Alfred A. Knopf today published “The Best of Archy and Mehitabel,” a new anthology of Don Marquis’ popular Archy and Mehitabel poems and sketches.

The new hardback is an abridged version of “the lives and times of archy and mehitabel,” first published in 1940 by Doubleday, Doran, Marquis’ longtime publisher. Doubleday and Knopf are both part of the Random House publishing group.

“The Best of Archy and Mehitabel”sells for $13.50 ($15.95 in Canada) and is part of the Pocket Poets series from Knopf’s Everyman’s Library imprint. The book has 256 pages, measures 4 1/8 by 6 1/4 inches, and includes George Herriman’s beloved cartoon illustrations and E.B. White’s introduction to the 1950 edition of “the lives and times of archy and mehitabel.”

“The best of Archy and Mehitabel” appears 100 years after Marquis’ first book was published. Marquis was a reporter and copy editor at the Brooklyn Daily Eagle in 1911 when the Eagle published a history of the Brooklyn State Militia’s 14th Regiment on the 50th anniversary of its formation at the start of the Civil War. Marquis and a co-worker at the Eagle compiled the volume, which was privately printed and distributed at a reunion of regiment survivors.

Unlike other recent anthologies that contain new works — Michael Sims’ “The Annotated Archy and Mehitabel” in 2006 and Jeff Adams’ “archyology” series, published in 1996 and 1998 — “The Best of Archy and Mehitabel” is an abridgment of the 1950 edition of “the lives and times,” which itself was an abridgment of the three Archy books published during Don Marquis’ lifetime: “archy and mehitabel” (1927), “archys life of mehitabel” (1933) and “archy does his part” (1935).

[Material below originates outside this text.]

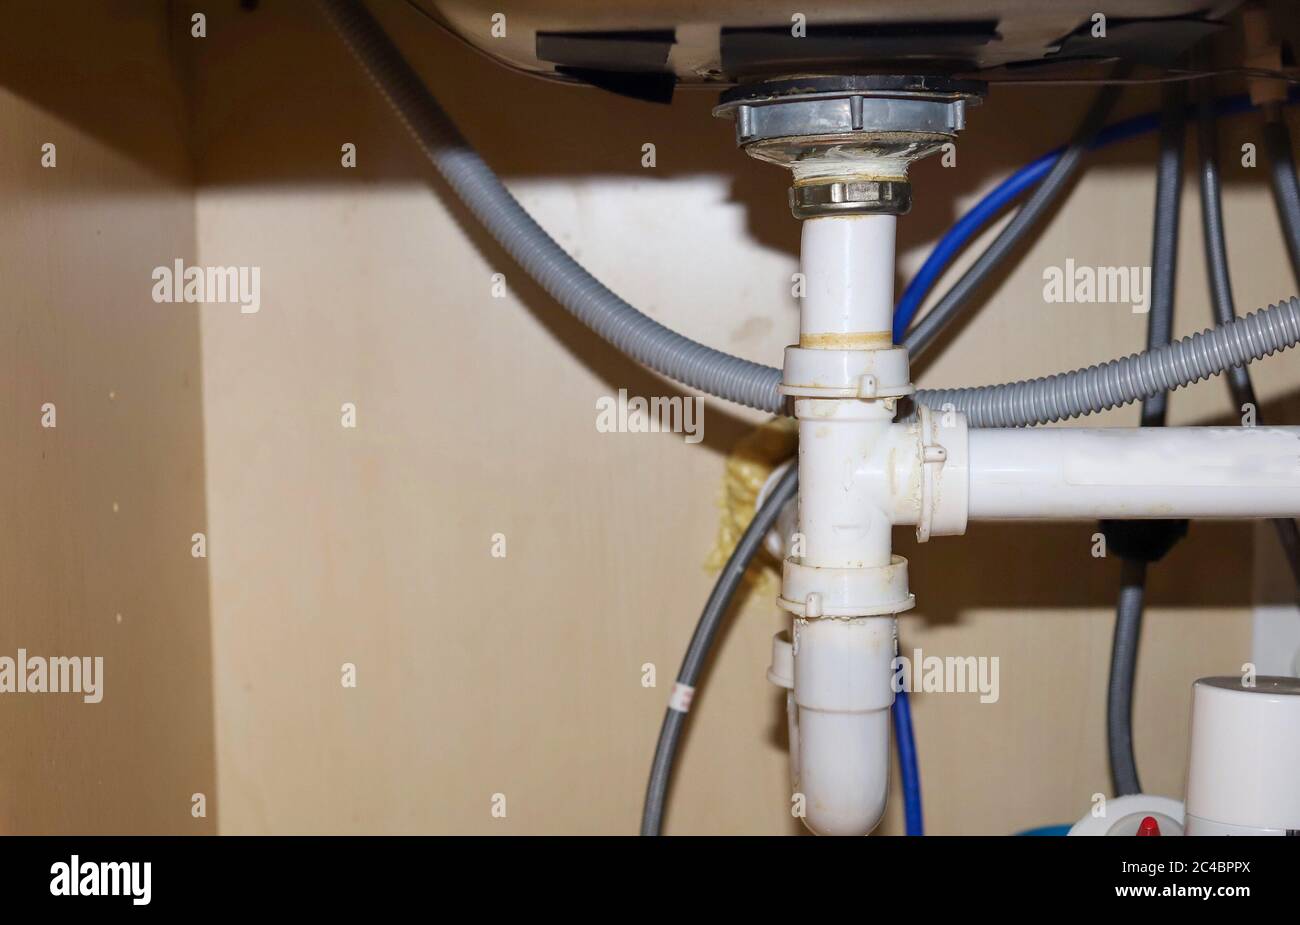 A close up image of leaking PCV pipes under a kitchen sink Stock Photo -  Alamy

The new book includes 65 sketches and poems, a third less than “the lives and times.” But even if this new book doesn’t contain every single gem from the original “archy and mehitabel,” fans will be grateful that Don’s publisher finally saw fit to set these classic poems and sketches in new type for the first time in 51 years. It gets painful to pick up a recent, reprinted paperback copy of “archy and mehitabel” and try to read through type that had degraded into inky smudges in the decades since it was last typeset in 1960.

Also notable: This new edition marks the first hardback edition of Archy material from Don’s publisher in more than 30 years.